The human respiratory system is a series of organs responsible for taking in oxygen and
expelling carbon dioxide. It is divided in to two respiratory tract, the upper and lower.

Nostrils- passage way of air

Nasal cavity- lined by cells which releases mucous which filters air

Pharynx- is a muscular funnel that extends from the posterior end of the nasal cavity to the superior end
of the larynx.

3 layers of Pharynx:

 Nasopharynx- region connecting nasal cavity and pharynx.

 Oropharynx- region connecting the oral cavity and pharynx.
 Laryngopharynx- connects pharynx and Larynx.
Larynx- flexible segment of the respiratory tract connecting the pharynx to the trachea in the neck. It
plays a vital role in the respiratory tract by allowing air to pass through it.

Trachea- passageway of air to bronchus, start of respiratory tree.

Layer of trachea was built with smooth muscles that contains nerve of the autonomic nervous
system, which includes the sympathetic and parasympathetic nerves.

 SYMPATHETIC NERVES releases B2 adrenergic receptor that will increase the diameter during
fight or flight
 PARASYMPATHETIC NERVES releases muscarinic receptor that will decreases the diameter
during rest.
o Carina- the point where bronchus splits
It is also made up of GODBLET CELLS that secretes mucus, and CILIATED COLUMNAR CELLS that moves
mucus upward.


Bronchus- passageway of air towards the lungs

Bronchioles- small bronchi that allows air to reach the alveoli.

The two last part of bronchioles

 Terminal bronchioles
 Respiratory bronchioles –contains out pouches called alveoli
-last part of bronchioles

Lungs-are a pair of spongy, air-filled organs (ALVEOLI) located on either side of the chest (thorax),
expands and compresses during respiration

- Contains bronchi

o Alveoli- responsible for gas exchange , end of respiratory tree, contains alveolar macrophages.
o Alveoli sacs- a group of alveoli that forms like a grape.
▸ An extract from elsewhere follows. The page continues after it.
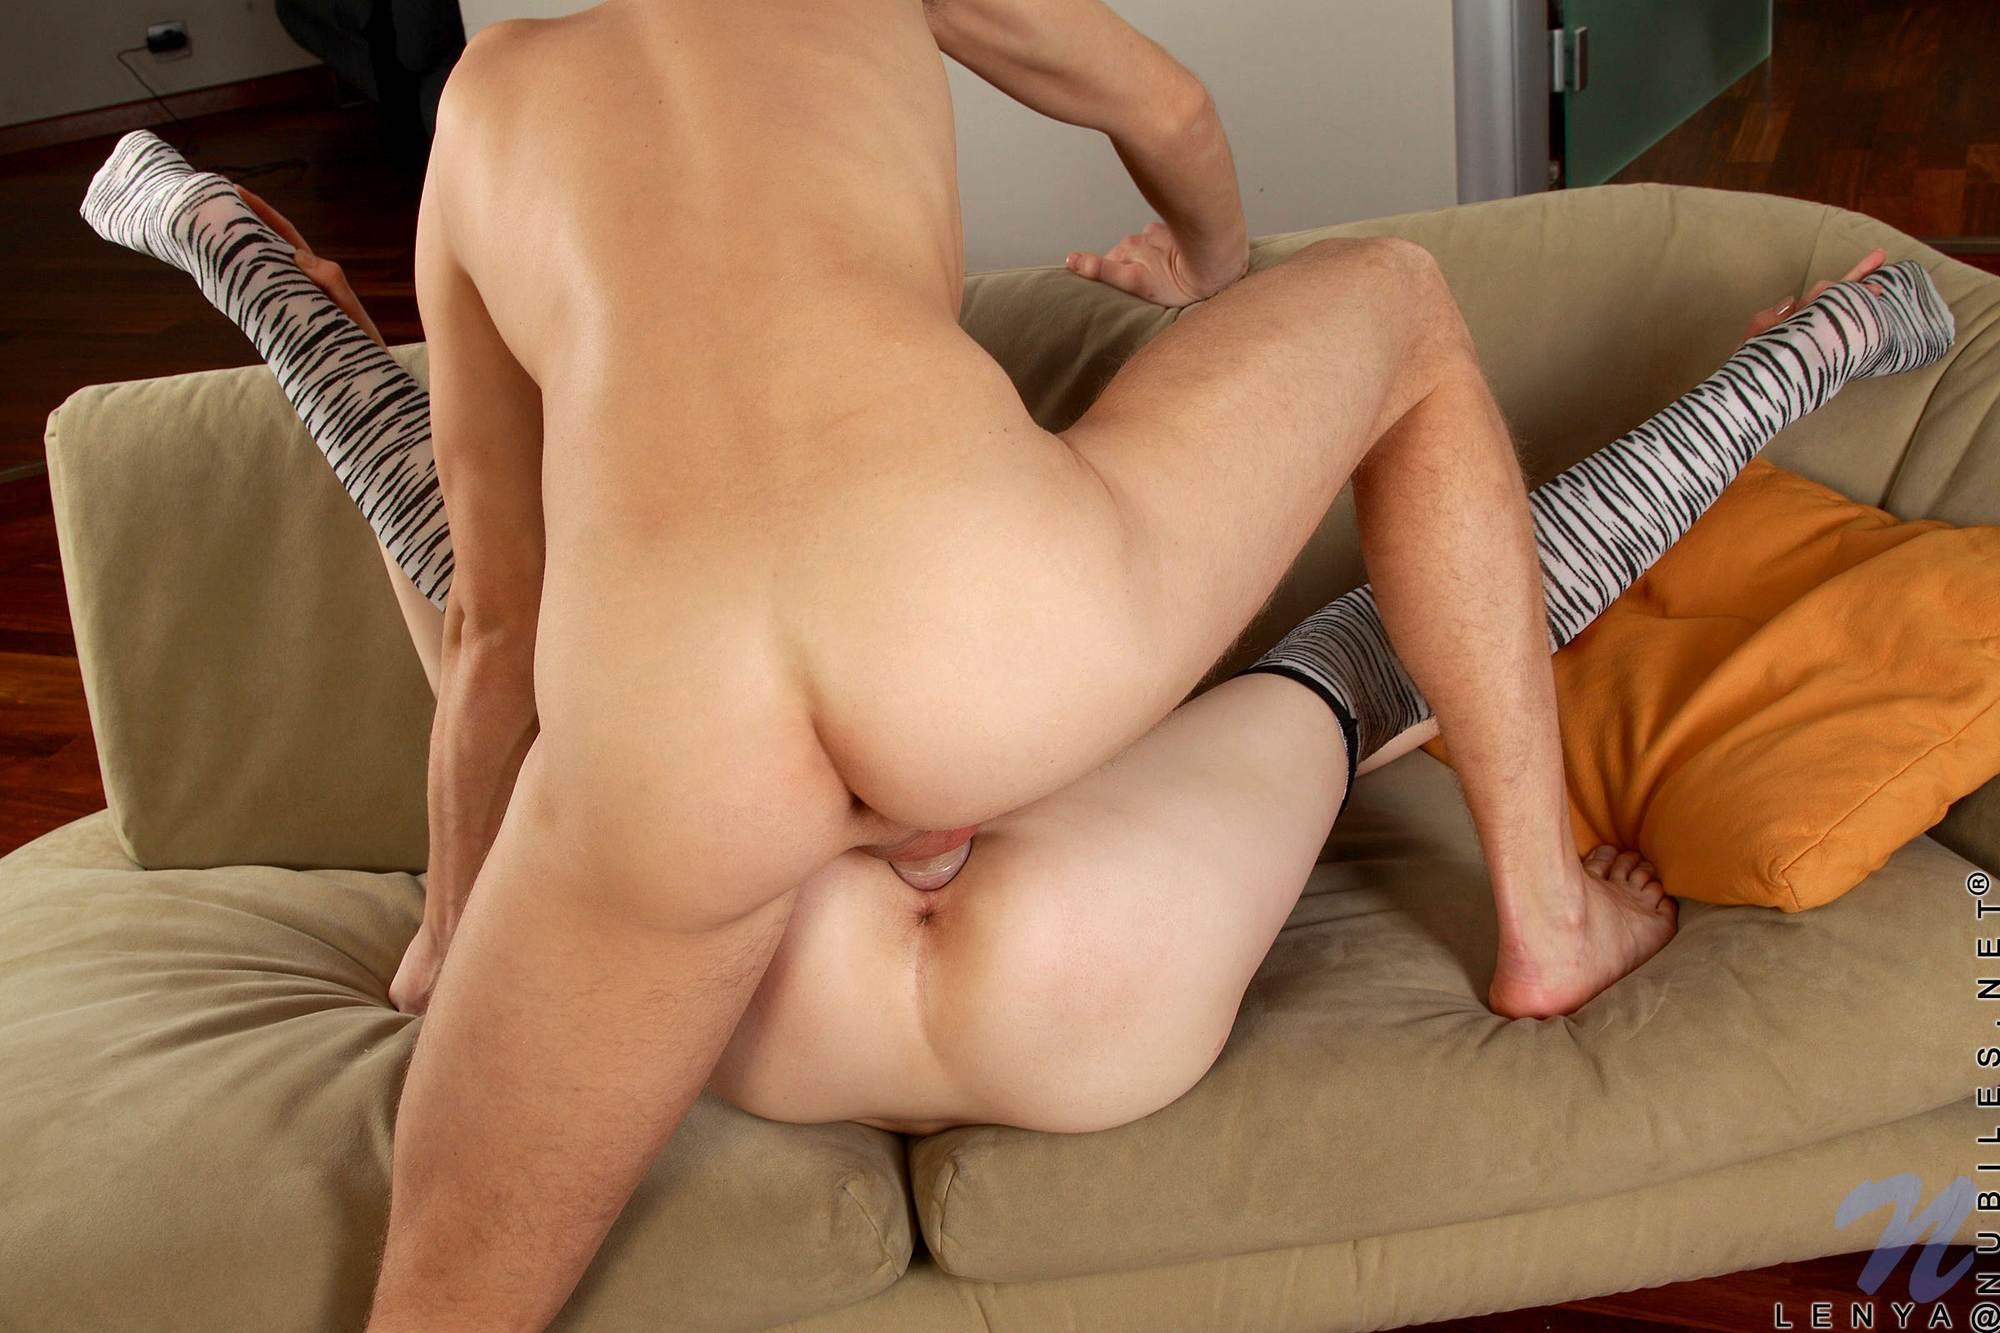 Lenya fotos sexys en el sofá, mamada y sexo duro

Last destination of inhaled air.
The wall of alveoli is composed of pneumocytes

- Type 1
- Type 2- secretes surfactant that keeps the alveoli open
Alveolar sacs- attached to capillaries that is made up of endothelial cells.

Carbon dioxide from deoxygenated blood moves to the alveolar sacs and will be expelled trough

Oxygen from the alveolar sacs moves to the blood trough diffusion and circulates to the body.
Outside the lungs, there is pleural membranes that allows the lung to expand smoothly.

Parietal pleura- attached to the thoracic wall

Visceral pleura- attached to the lungs
Pleural cavity- space filled with fluid(plasma filtrates) that keeps the parietal and visceral pleura
together, and allows the pleural membranes to slide to each other during breathing.

Lymphatic stoma- allows pleural fluid to enter and exit the pleural cavity.